Exercise data:
[Start of section]

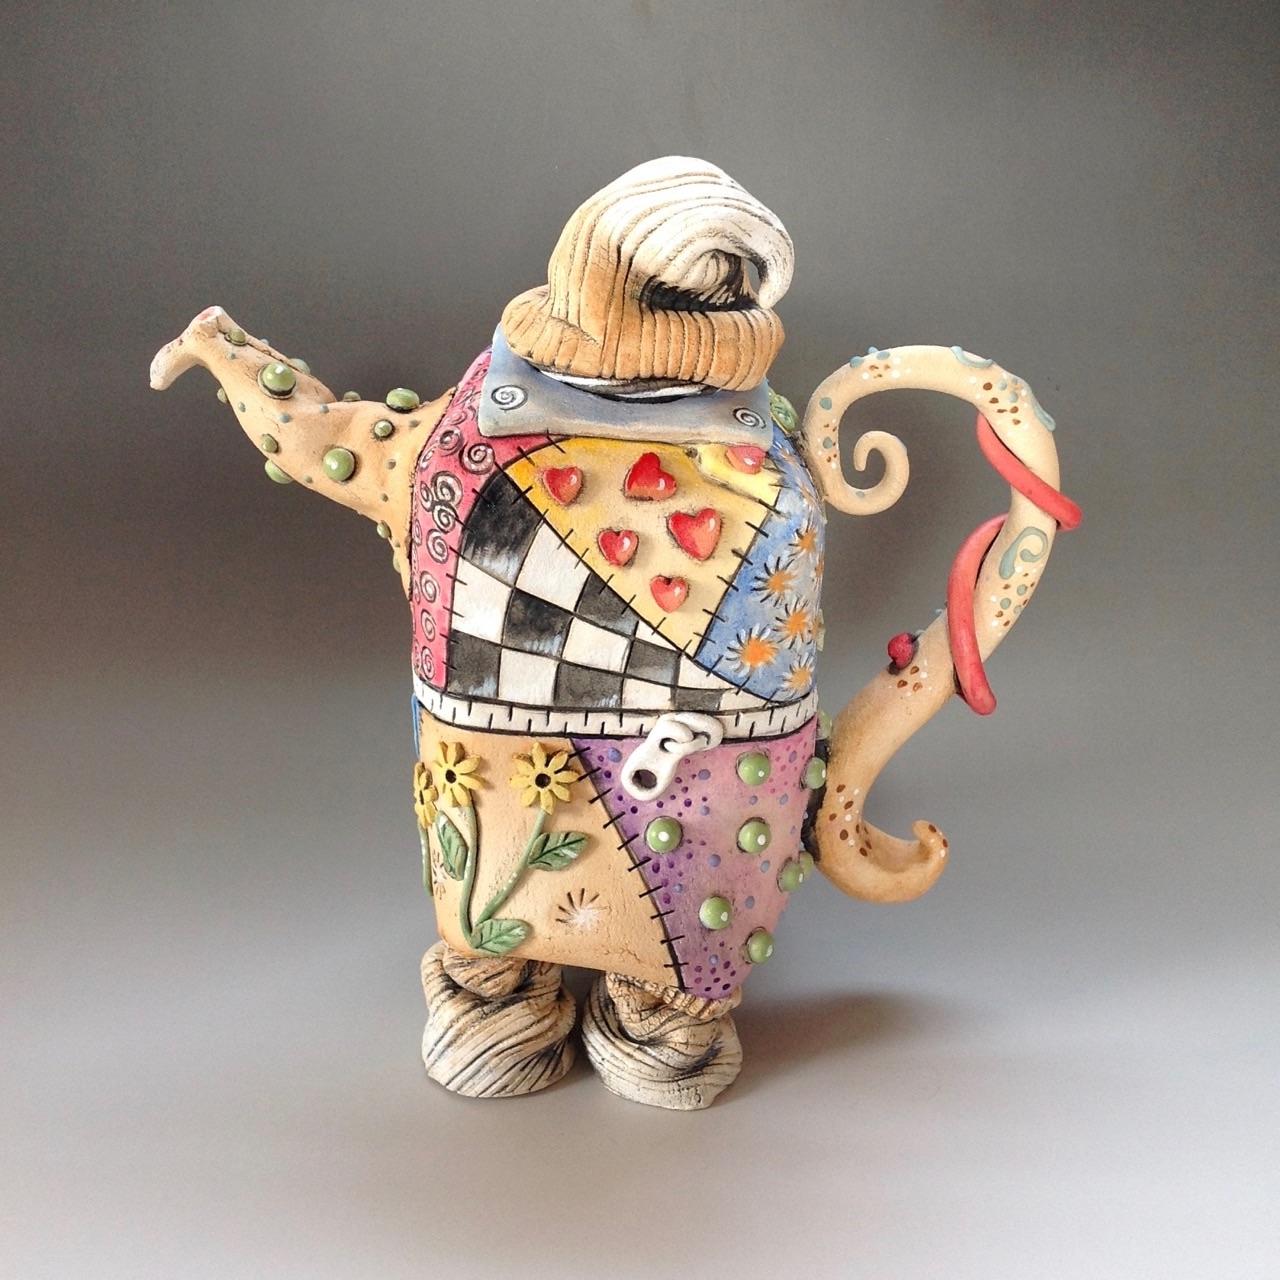 Patchwork Tea Pot Ceramic Pottery
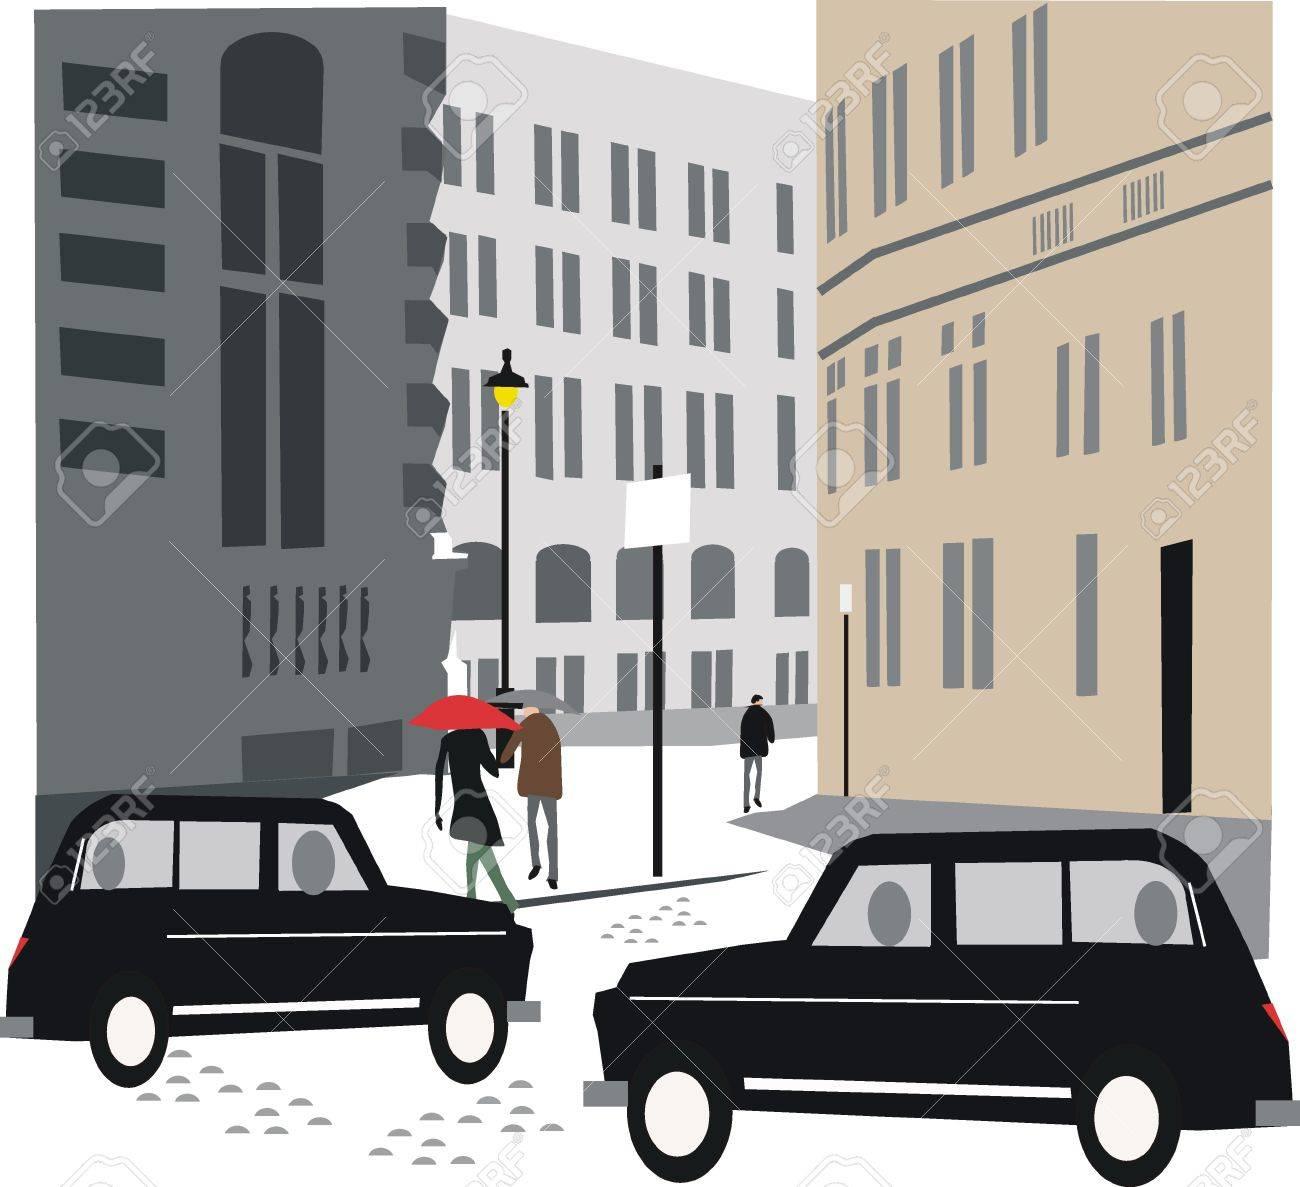 London taxi illustration Stock Vector - 8587337
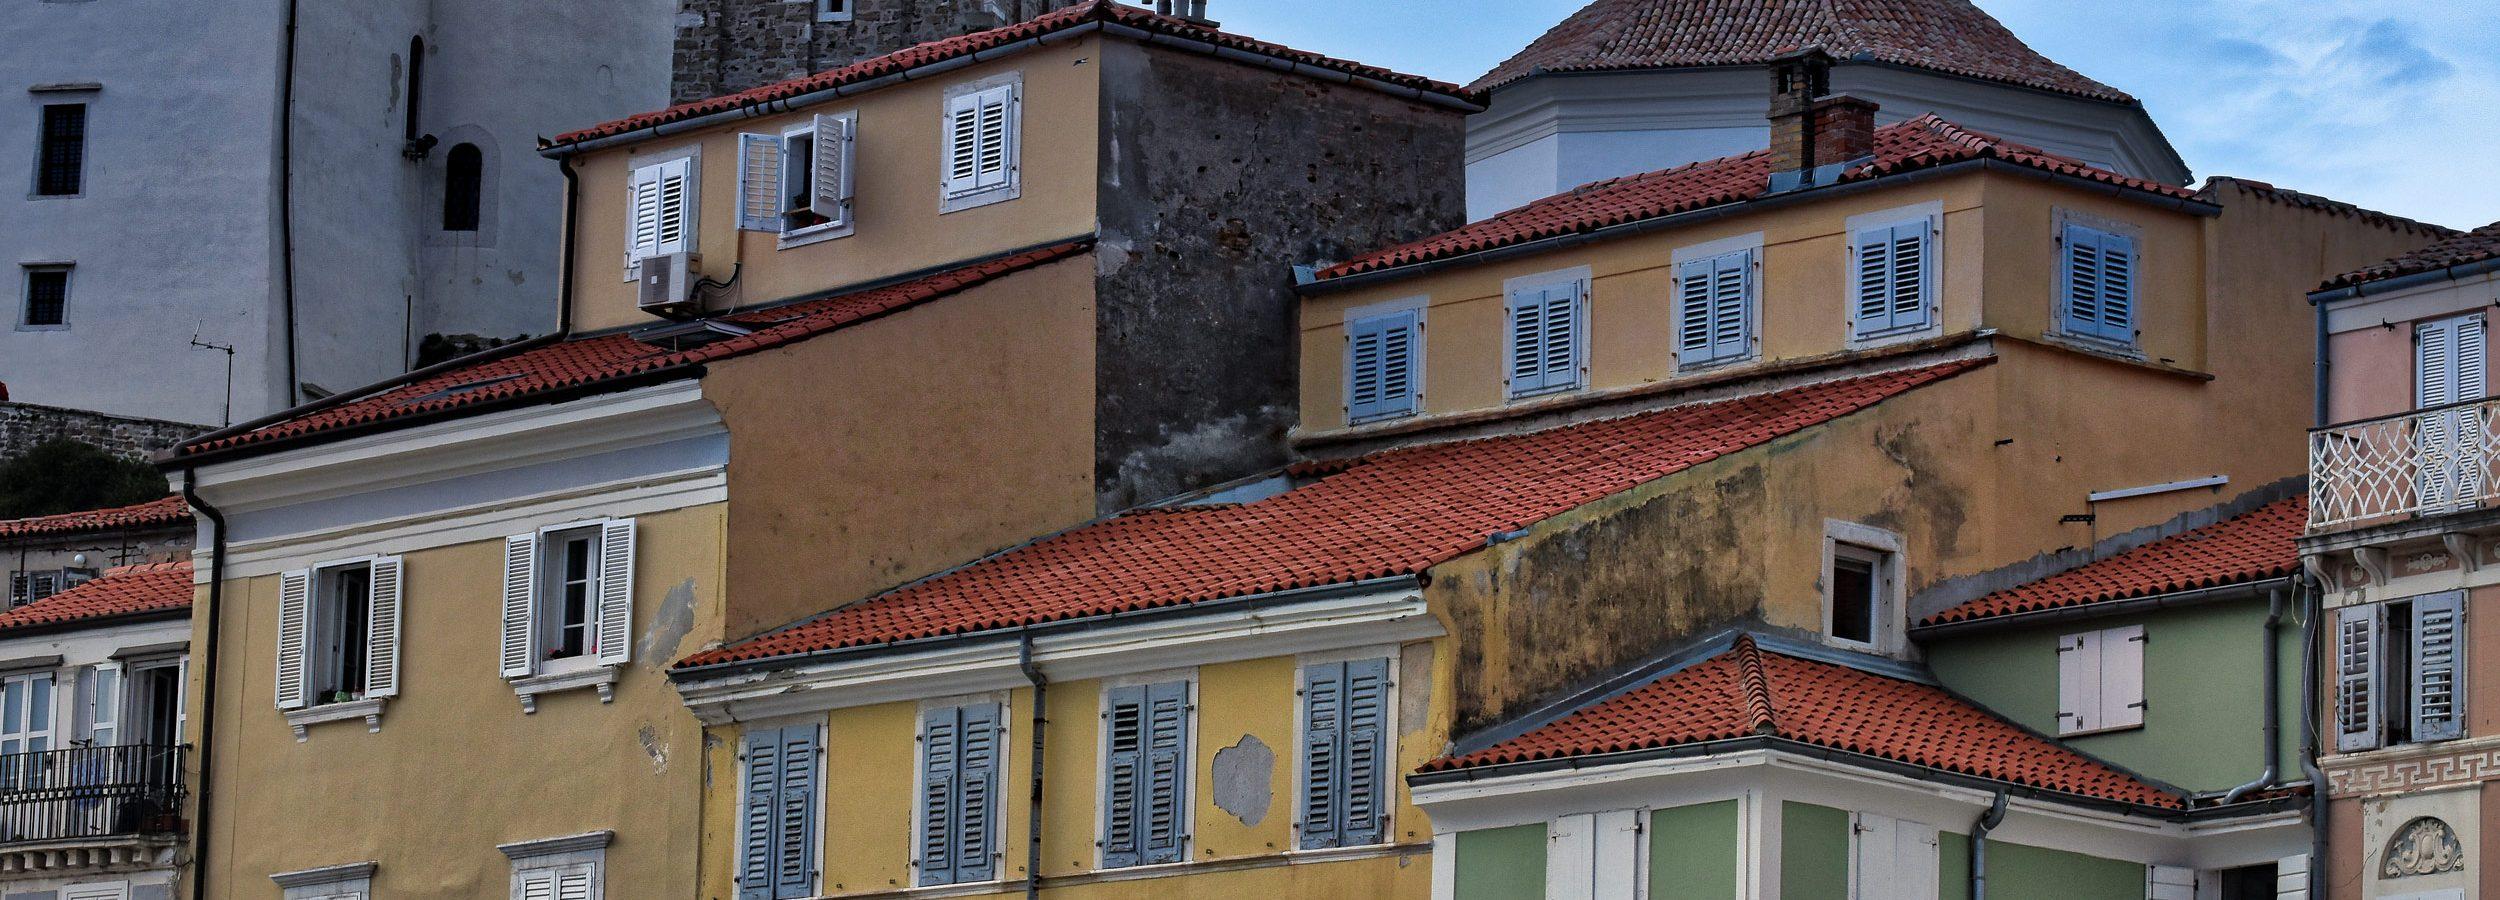 Piran / Pirano, Słowenia
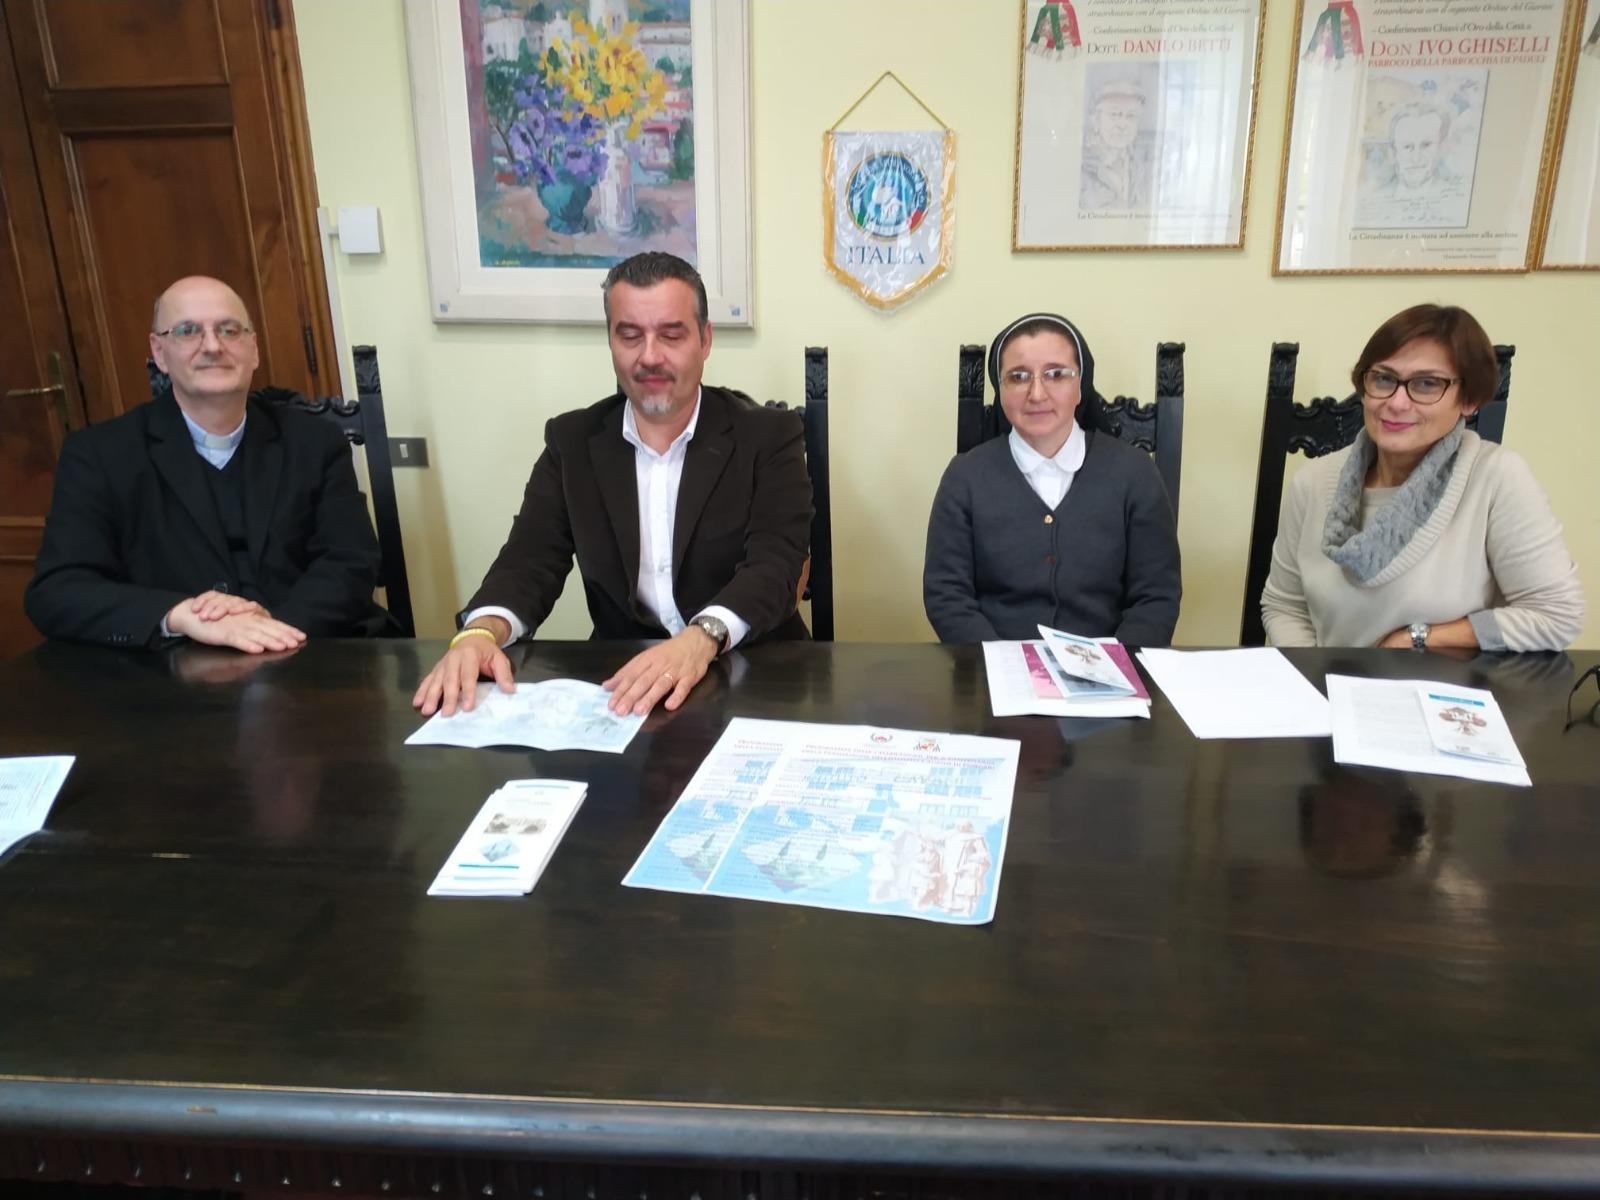 Marsili Fornaciari Lourdes Rimanti

[End of section]

Exercise: The preceding listing is to be restated word for word, with every picture omitted.

Task answer:
 Patchwork Tea Pot Ceramic Pottery
 London taxi illustration Stock Vector - 8587337
 Piran / Pirano, Słowenia
 Marsili Fornaciari Lourdes Rimanti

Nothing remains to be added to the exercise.